Chapter 21 On Record
(Arlo)
Before I ever met her husband, I already knew. The moment the bike failed, the moment terror flooded me in a way that felt too precise to be random, a name surfaced uninvited.
Lyra.
I almost lost Berrie. Yes, I did lose her as my Berrie but if she is alive, healthy, and safe, she can hate me for the rest of her life and I would still be grateful. Once there is proof Berrie needs, Lyra will be my sworn enemy, pregnant or not.
The CCTV of the shelter should have caught something. Anyone passing. Any movement. But somehow, conveniently, it hadn't worked that night. A malfunction, they said.
I didn't believe in coincidences anymore.
Berrie wouldn't return my calls so I started digging on my own.
Calling places. Walking routes. Mapping angles.
Looking for cameras that weren't obvious of shops, garages, private buildings.
I worked quietly and obsessively, piecing together fragments because that's what I do when something feels dangerous and unfinished.

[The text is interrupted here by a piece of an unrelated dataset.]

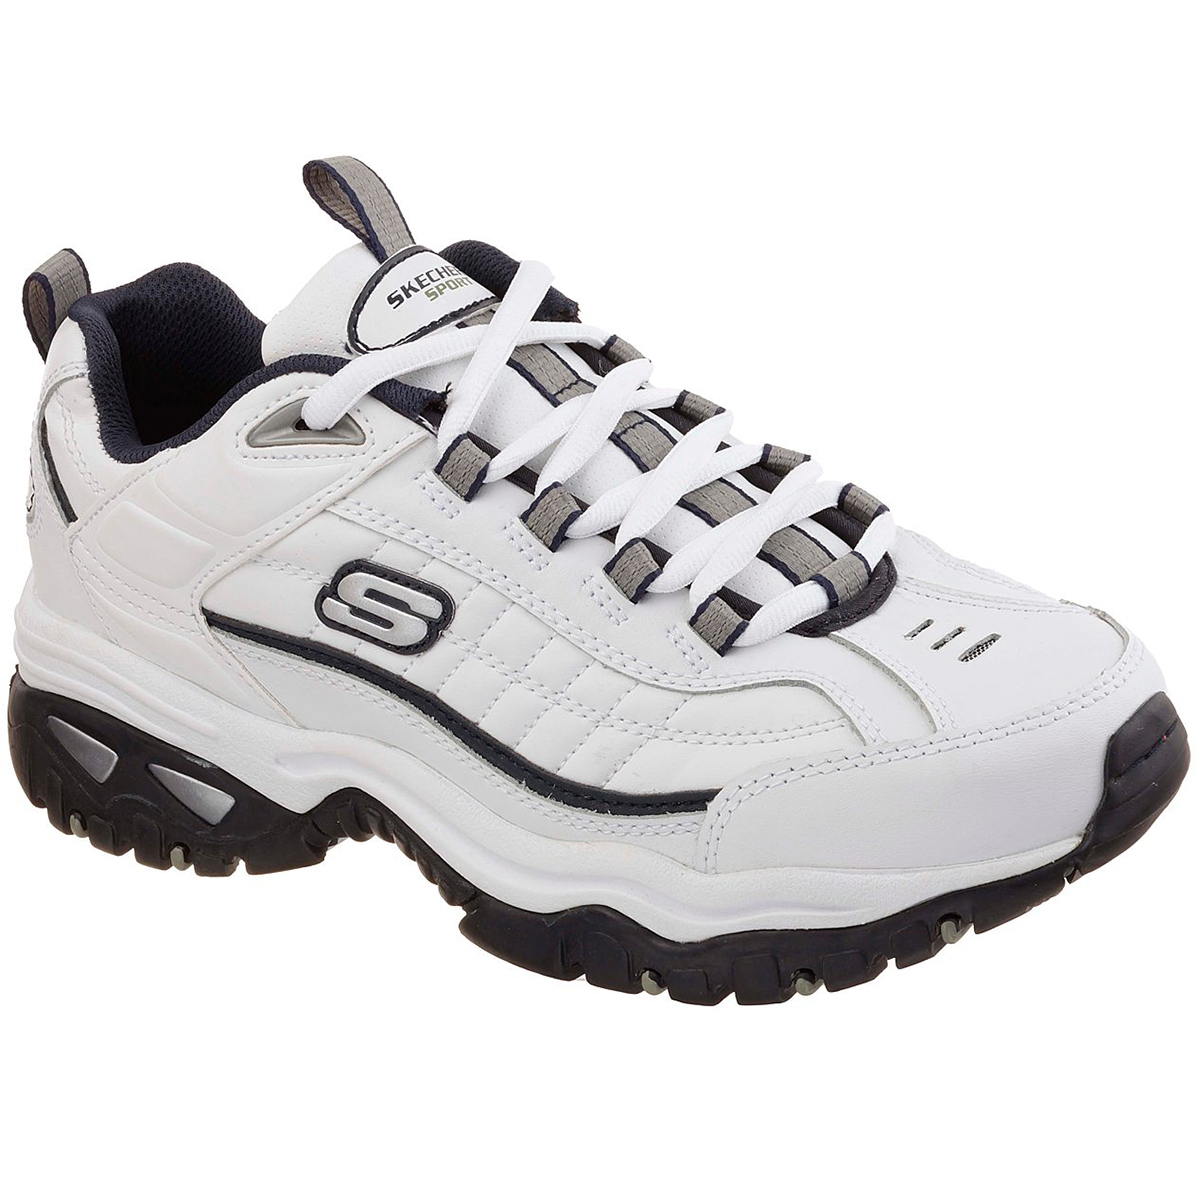 Skechers Men's Energy Afterburn Sneakers - White, 10
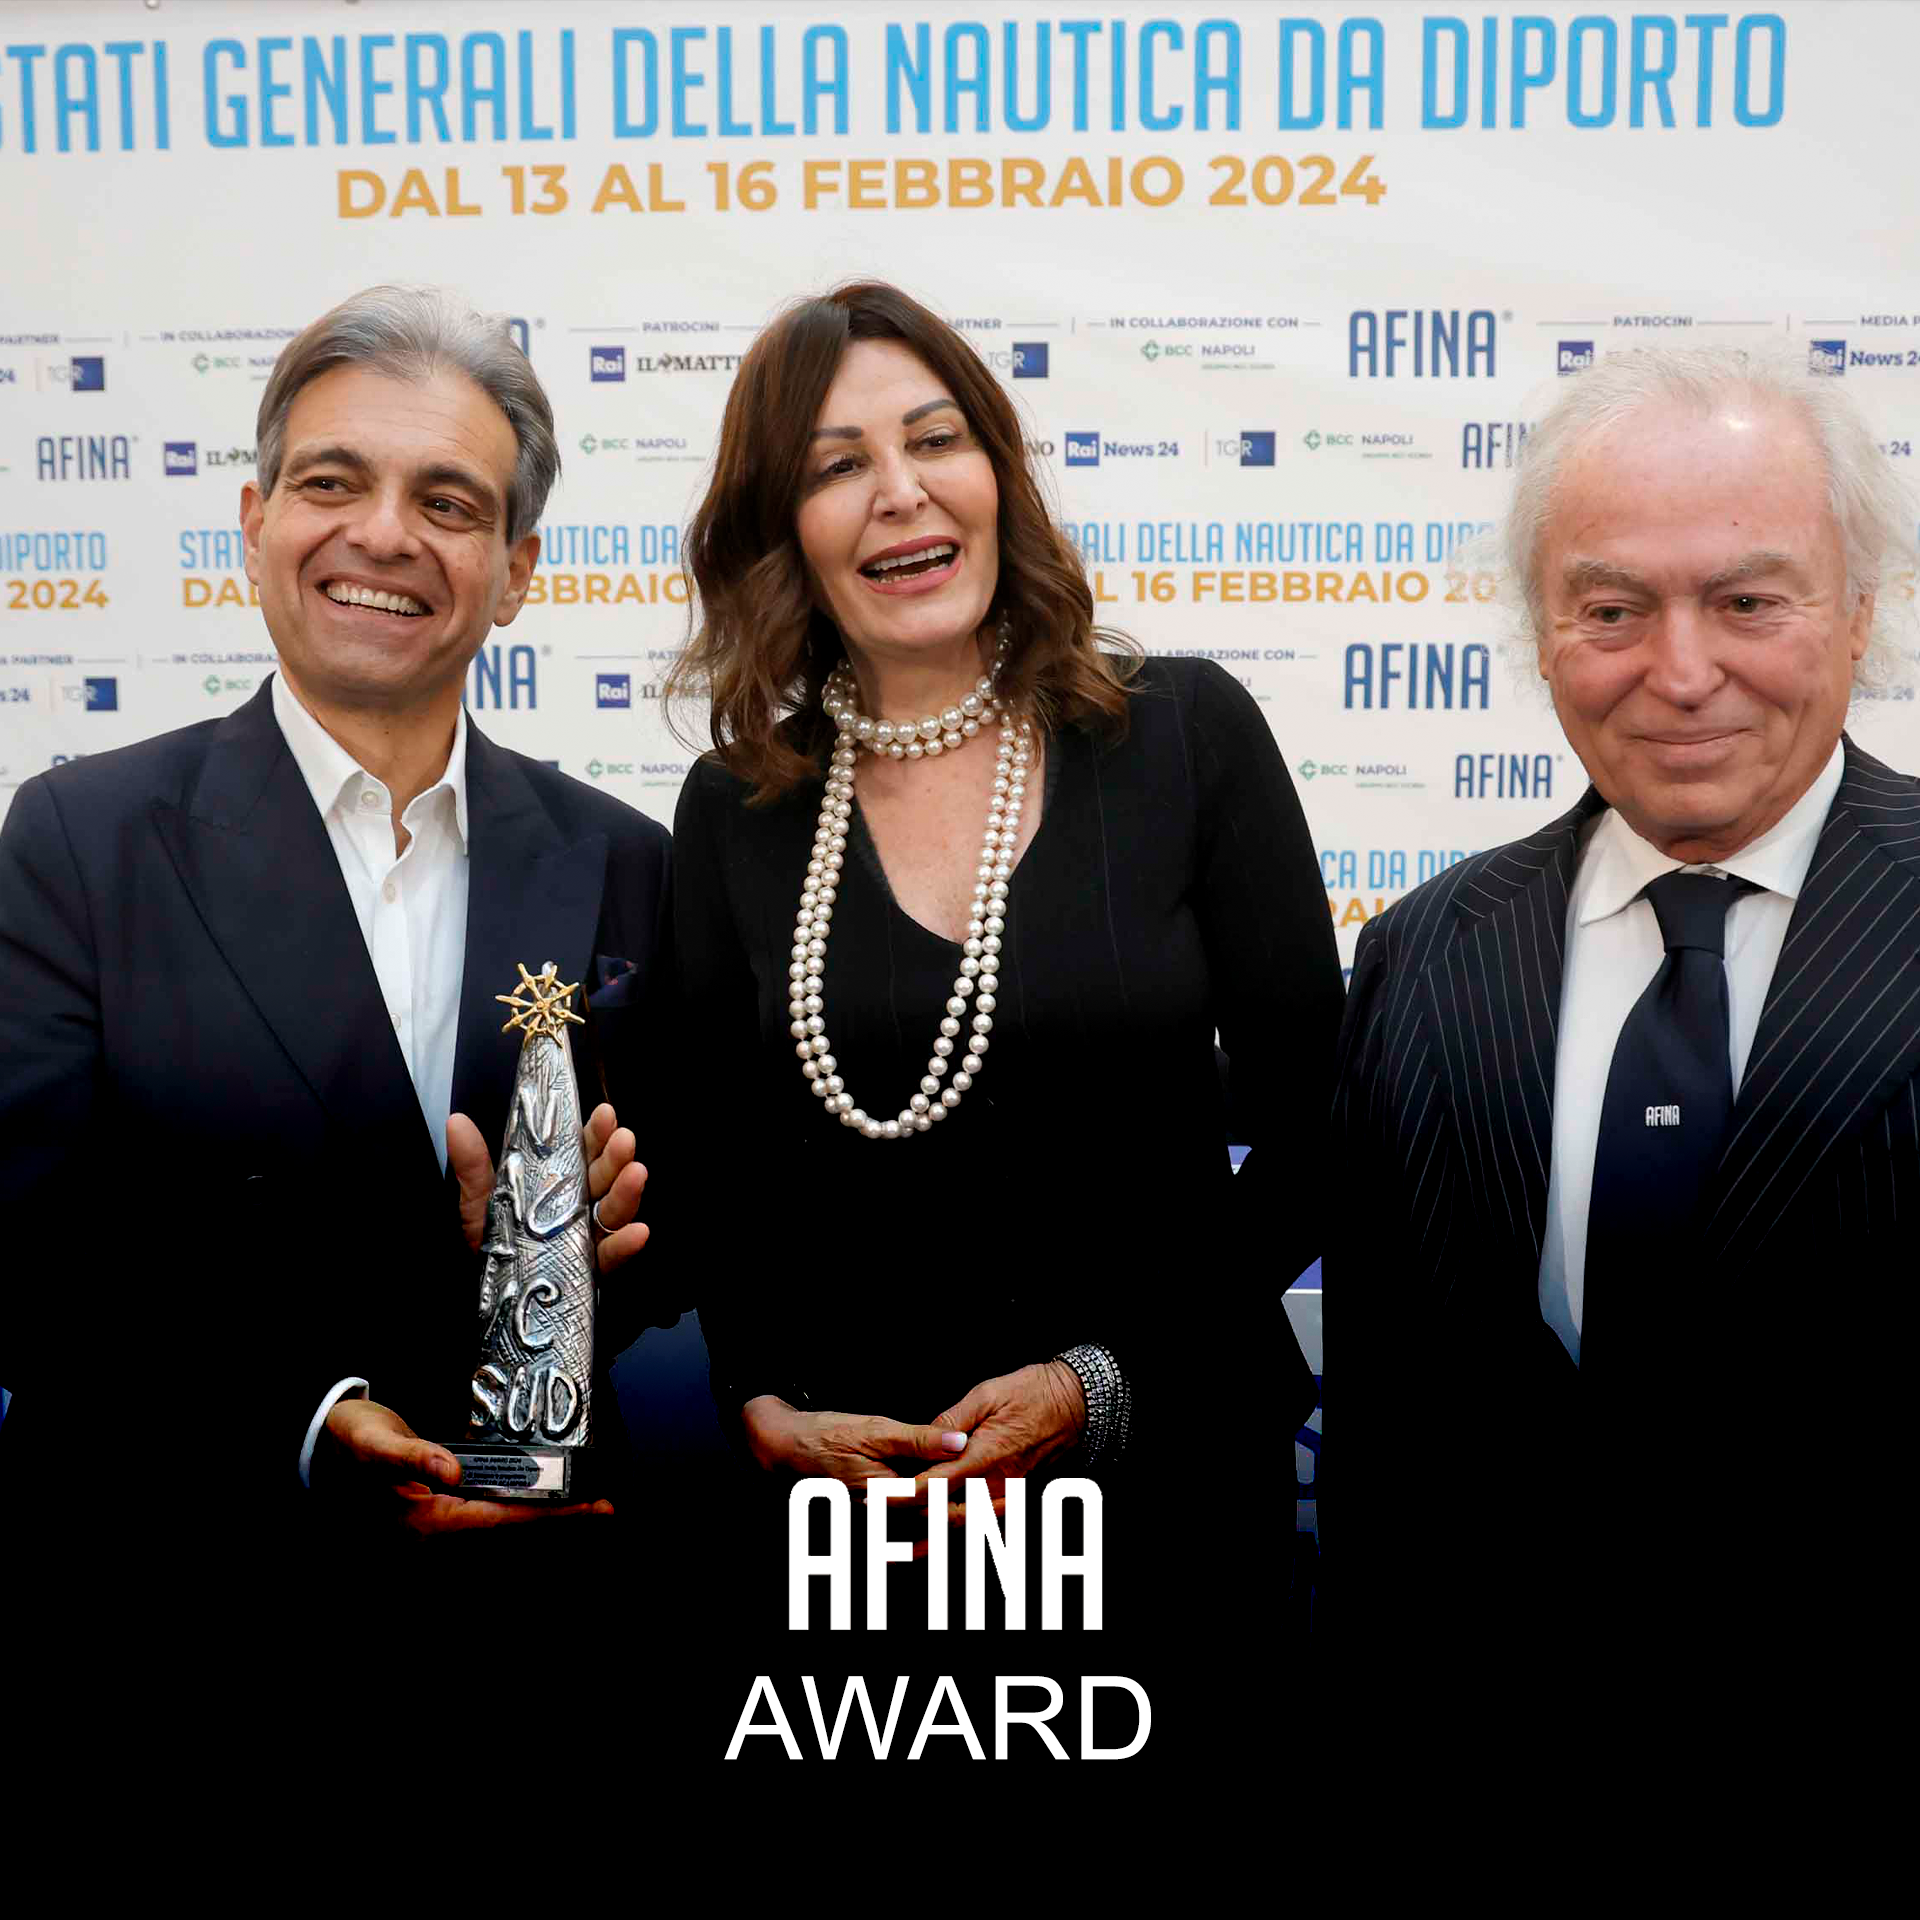 Brunello Acampora's Award

Well this was the police's job but I had to respect Berrie's wishes.
The more I learned, the more unsettled I became by how little it surprised me. That was the part that stayed with me. The truth is, the more I look back on Lyra now, the harder it is to understand how I ever called it love.
I thought I did. At the time, it felt real enough.
It was urgent, consuming, and impossible to step away from.
But standing where I am now, I can see how distorted it was.
Therapy helped me name it. I told my therapist it felt like I had been living in a fog with Lyra, clutching onto her and calling it love because I didn't know what else to call survival.
He told me that people in abusive relationships often confuse endurance for devotion, fear for attachment, and persistence for loyalty.
That the longer you stay, the more your brain rewrites the story to survive it.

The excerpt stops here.